**WORK REQUEST:** Using the listing below, set down exactly the lines from the one that contains "Tư vấn thiết" through the one that contains "Salisbury Beach, Salisbury, Essex", with no pictures.

**MATERIALS PROVIDED:**
----
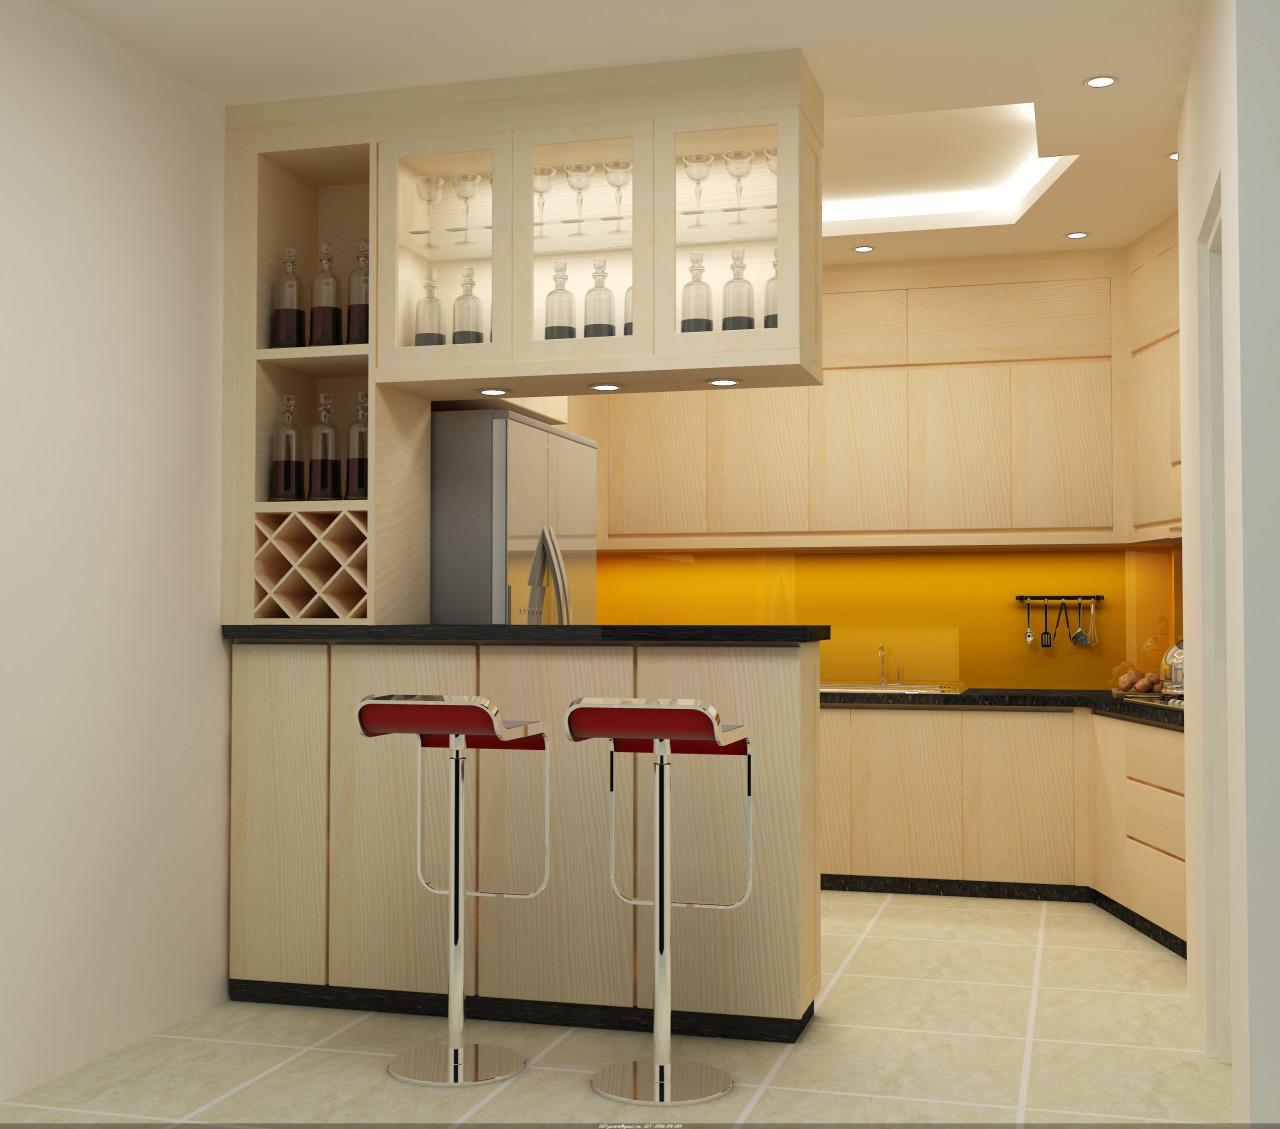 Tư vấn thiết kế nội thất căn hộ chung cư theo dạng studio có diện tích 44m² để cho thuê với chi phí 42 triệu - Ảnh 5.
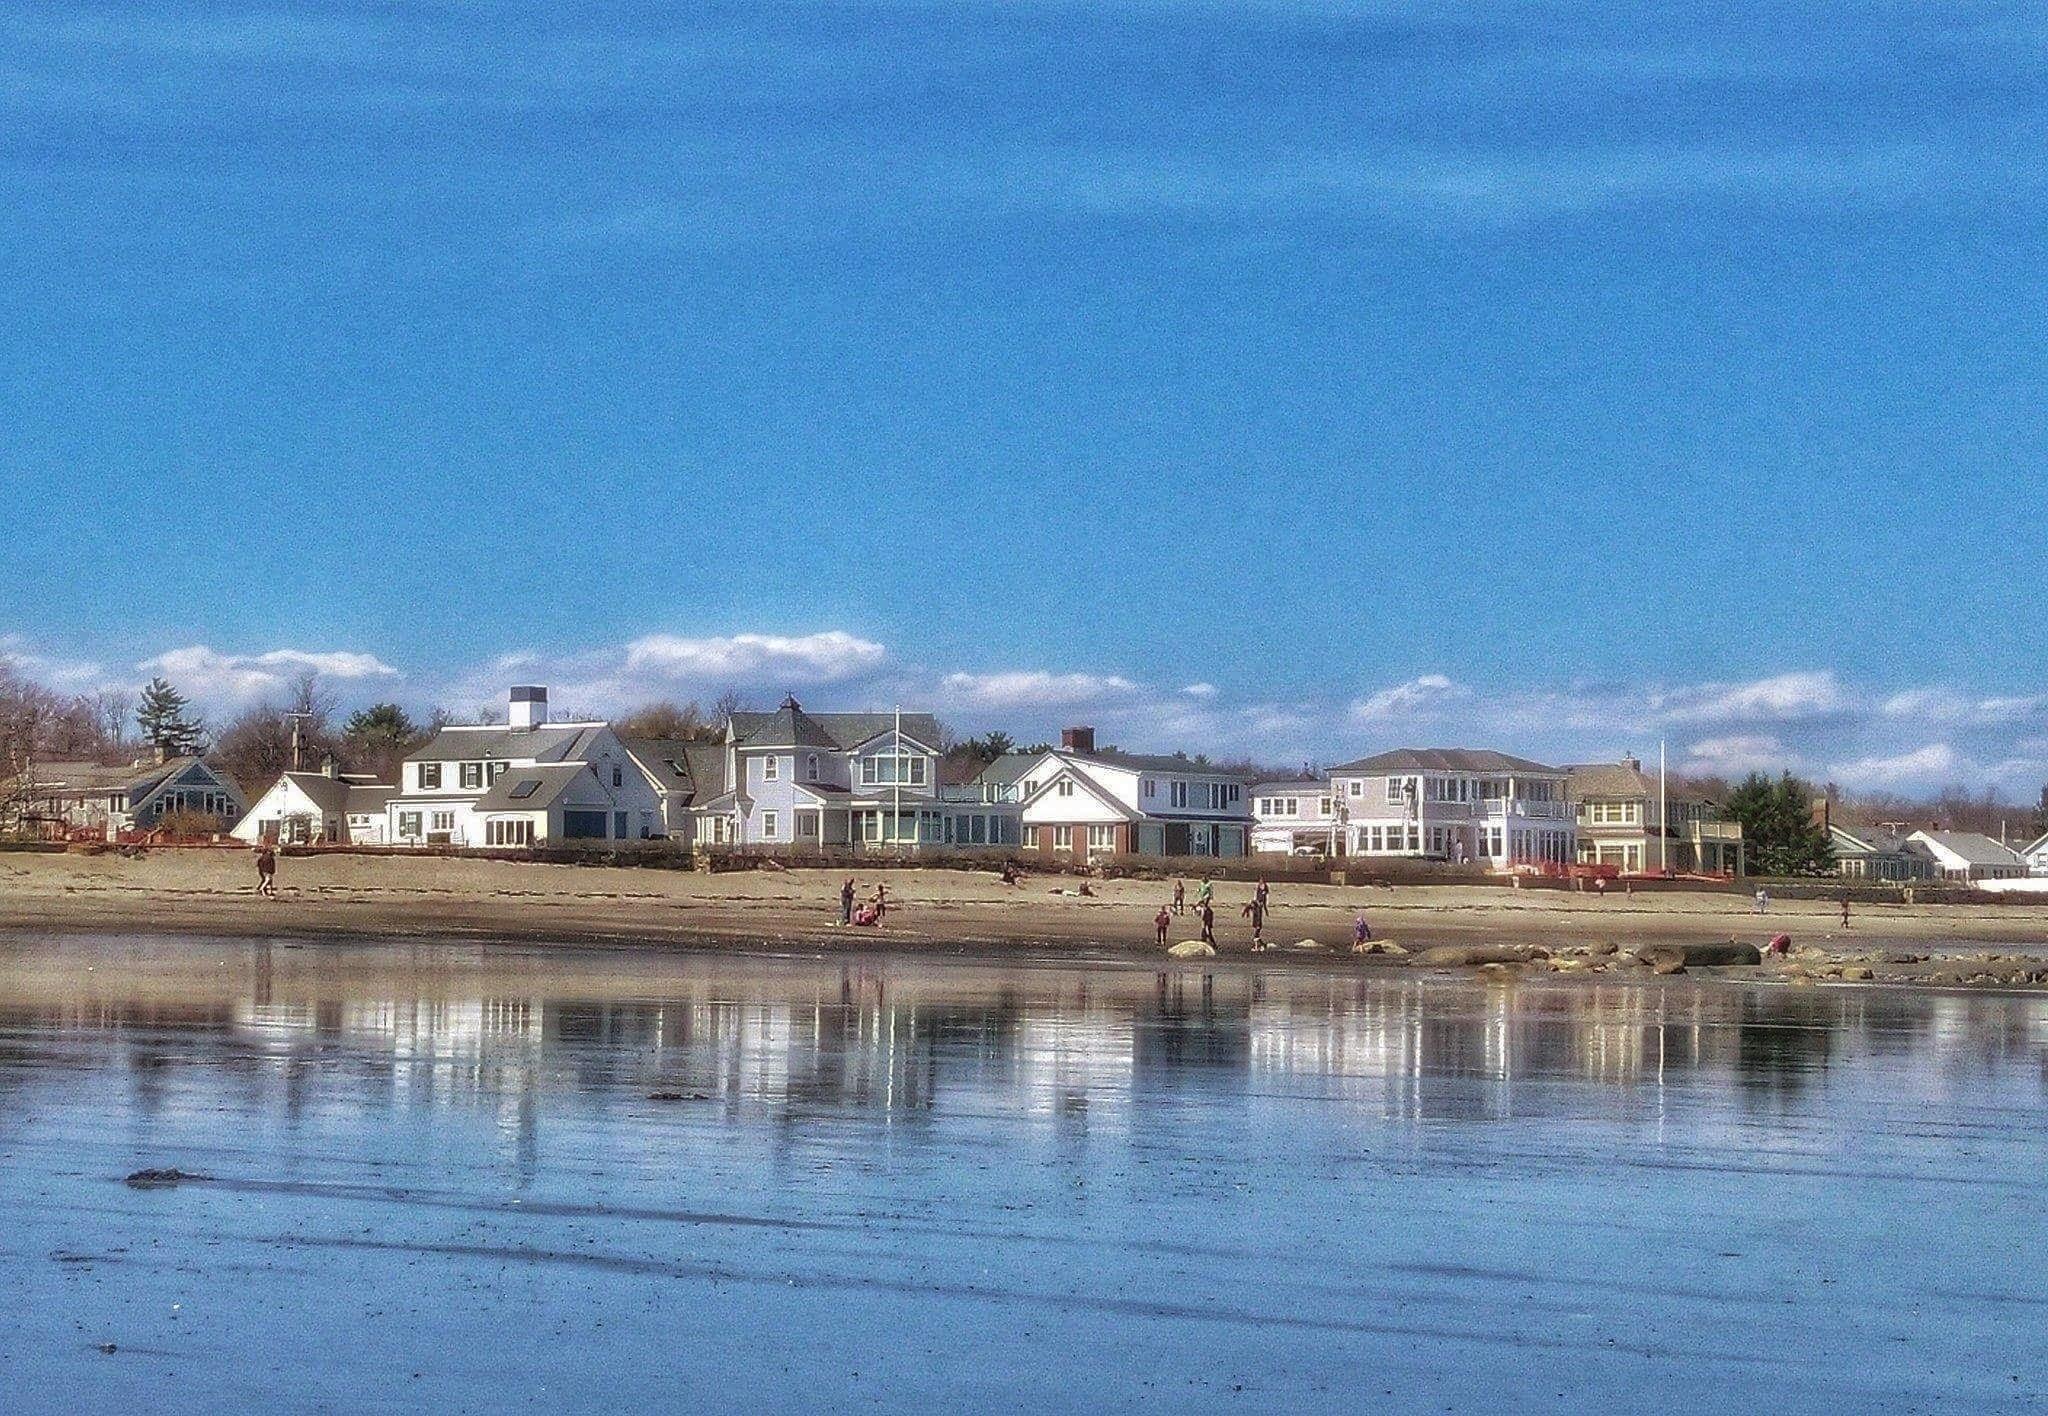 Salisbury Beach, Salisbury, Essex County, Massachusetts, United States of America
----
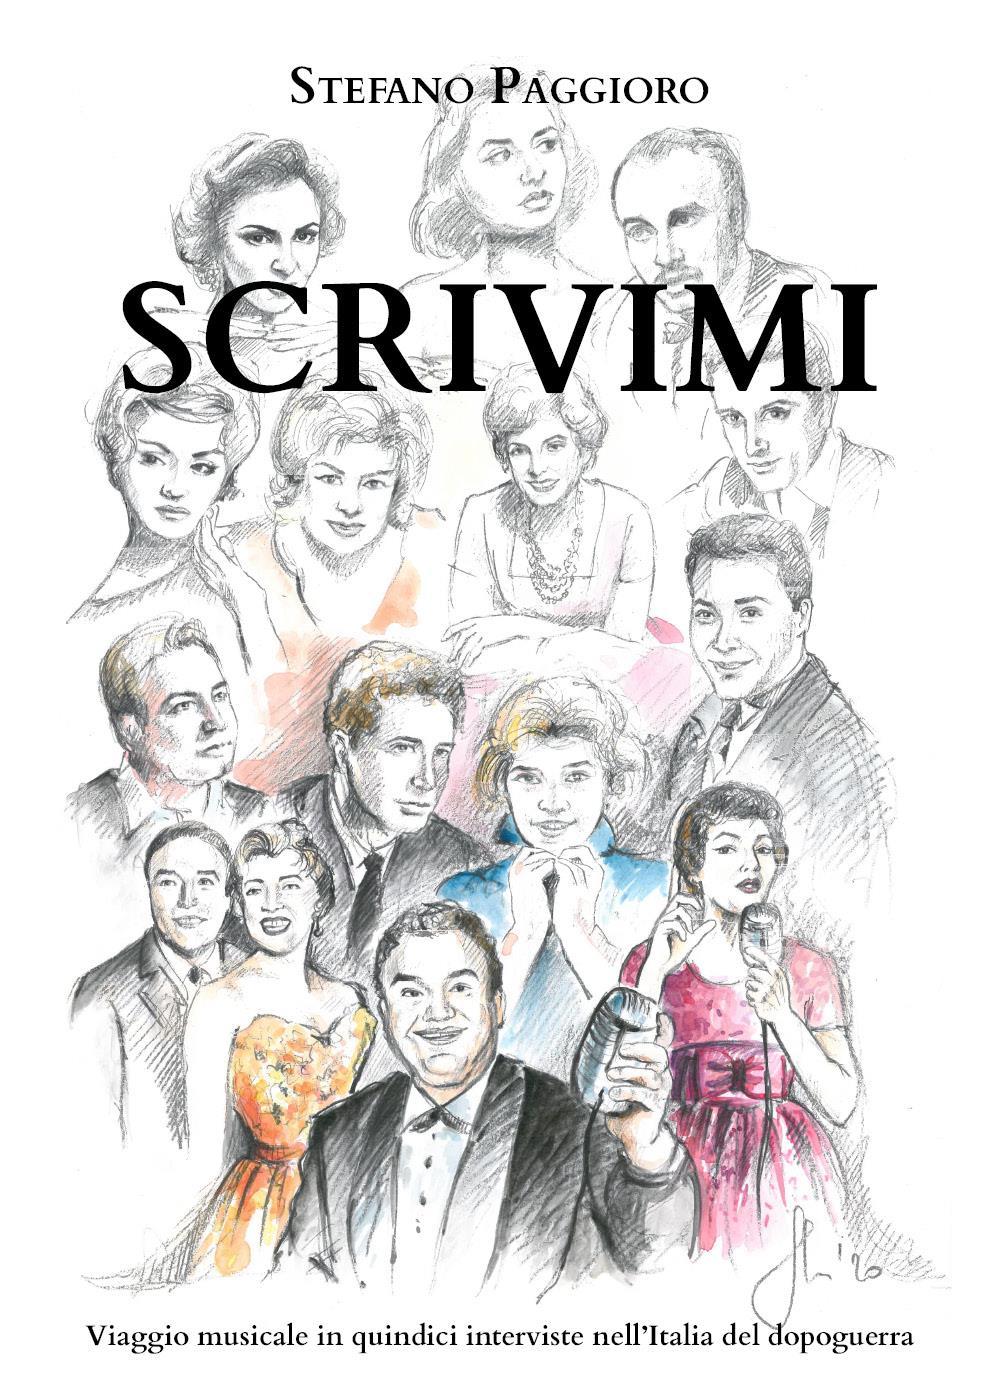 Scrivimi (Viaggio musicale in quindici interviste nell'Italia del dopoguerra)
----
**ANSWER SECTION:**
 Tư vấn thiết kế nội thất căn hộ chung cư theo dạng studio có diện tích 44m² để cho thuê với chi phí 42 triệu - Ảnh 5.
 Salisbury Beach, Salisbury, Essex County, Massachusetts, United States of America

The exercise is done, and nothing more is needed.